One Piece Online 2: Pirate King
6 Overall Score
Involved combat, Crew customization, free to play, improved performance.
Very similar in style and storyline to previous title, very linear content, bad translations.
This past weekend we checked out One Piece Online 2: Pirate King, the free to player browser RPG from Joy Games, sequel to the previously released One Piece Online. The game revolves around the manga anime of the same name, One Piece, following the adventures of the loveable aspiring wannabe pirate king Luffy and his motley crew in a fantasy world where the tyrannical Marines rule the waves.
The format is very similar to a lot of team building MMOs with the typical features and mechanics that fans on this genre will already be familiar with and, as it is an Asian MMO, have no doubt come to expect.
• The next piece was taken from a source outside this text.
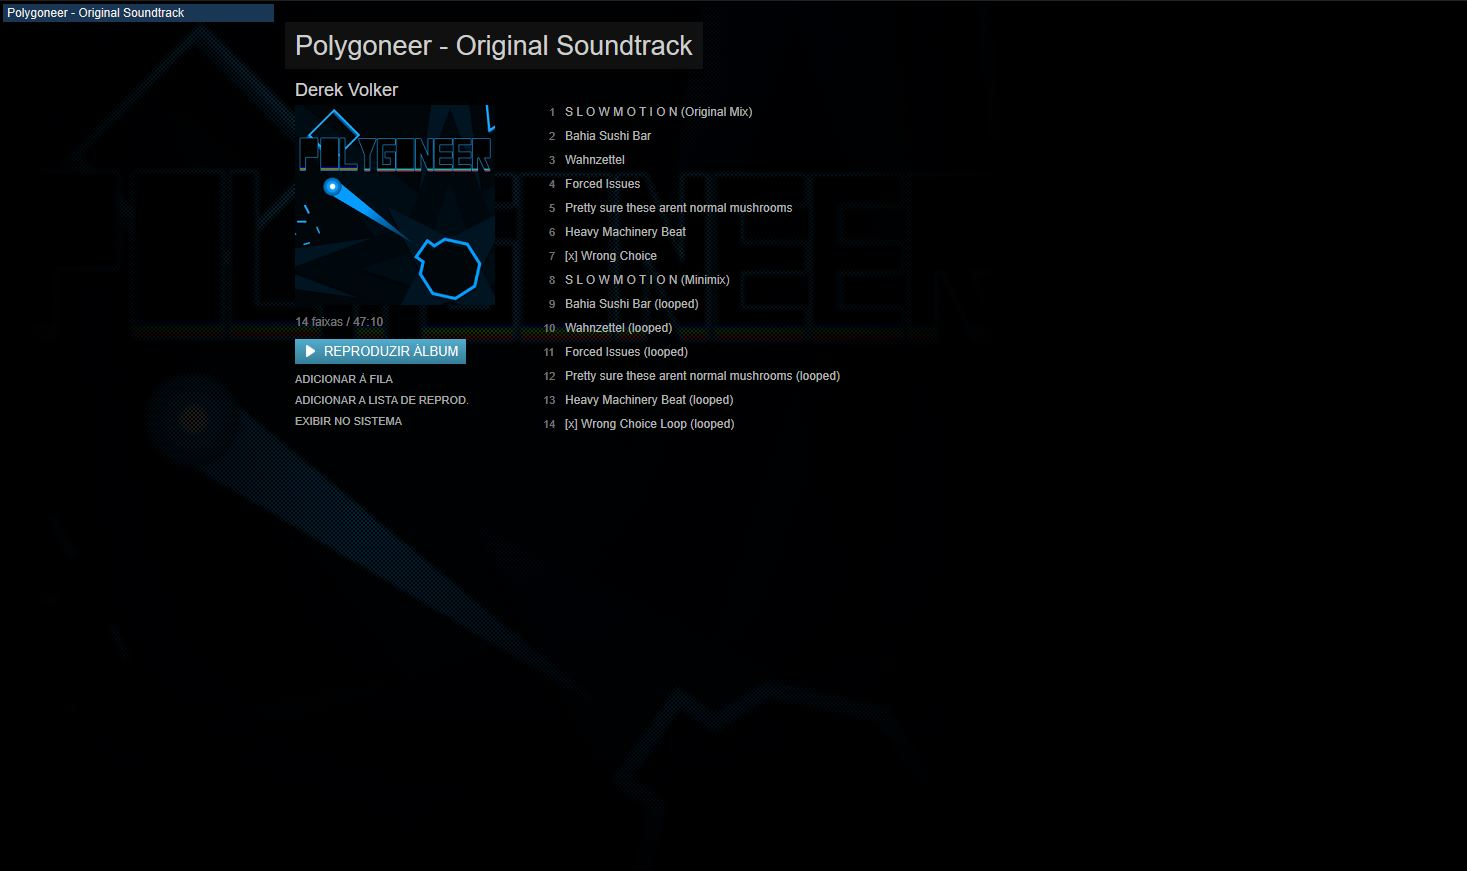 Polygoneer: Original Soundtrack screenshot

Not short on bells, whistles and flashing icons the UI grows ever more cluttered as you level up, unlocking new features and having new icons appear constantly, always an odd choice as far as we’re concerned given that after ten minutes of play you’ve unlocked a lot of the features anyway we don’t know why they’re not just all added from the beginning.
Levelling is XP based and primarily comes from completing the quest chain, a linear story that takes players from one location to the next as they slowly meet the extensive number of cast members from the show who will help, hinder or join them on their journey. The story-arc is a series of quests one after the other with no deviating, meaning there is zero replay value as far as we’re concerned, once players reach max level we’d be surprised if many would both to restart the game to try out one of the other four available classes. The classes are Sailor, Dark Mage, Sniper and Doctor, though as you might expect from these types of RPG there is very little difference between these characters insofar as how they play; they have different stats and their abilities have different effects, but essentially you put them in the appropriate position for your Crew and then surround them with other NPCs that you recruit.
Meeting NPCs is probably the driving factor behind the game, fans of the show are no doubt excited by the idea of adding Luffy to their crew (who as the main cast member actually joins your crew early on and is your first companion) and essentially that is no doubt the main appeal to the game. The storyline is fairly shallow and doesn’t so much seem to have its own narrative but instead just recycles elements of the shows plot, going into particular detail about introducing each NPC character that you meet and what they do in the world of One Piece to firmly establish that “yes, this is the same character you know and love because they just said some token piece of information that you’ll remember from the show”. It feels like a game designed for fans without really adding much of a new story for them, more so it’s obvious it was designed for an Asian market as the English translations are just terrible; from spelling mistakes to stilted dialogue it is so bad that it’s almost comical to read at times.
Even worse than the game seemingly just following suit of the TV show, it actually feels far too similar to the previous One Piece MMO including the fact that you start the gaming meeting “Red Haired” Shanks, a notable legendary swordsman, and then going straight on to meet Luffy and fight some Marines in your bid to find Gold E. Rogers lost One Piece treasure and become the next Pirate King. Many of the mechanics in the game are the same, combat remains relatively automated, however there is a lot more control in One Piece 2 where instead of defending you flag from the enemy it is an outright battle between your team and the enemy. Players have more control over who they target in battle, playing to their individual character and crews strengths, able to focus on an individual target or spread the damage around.
The graphics are decent enough, but we have to say we do prefer them in the original, the style in the new game being much softer and blurry and lacking the detail of the previous game. As ever players run around the world all looking exactly the same; there’s no physical cosmetic difference between one Doctor class and another, whilst players can get new gear their outfits always remain the same and the only difference is the character’s name.
As far as these types of team building RPGs go One Piece Online 2 is far from the worst of the bunch, but not quite the pick of the litter either, where it excels in some areas the overall production value generally lets itself down. The wooden storyline is disjointed for those unfamiliar with the show and feels like the facts and info are being delivered in a very ham fisted way, for players who are fans then it doesn’t really add anything new. Far from being a genre defining the game it is overall a linear experience to max level and the same content over and over trying to top the PVP leader-boards and an endless cycle of trying to increase your Battle Power. Whilst there are plenty of Crew to recruit and a variety of combinations and strategic choices, there is a lack of unique endgame content to keep user entertained as even the various features unlocked are still very similar to each other in gameplay.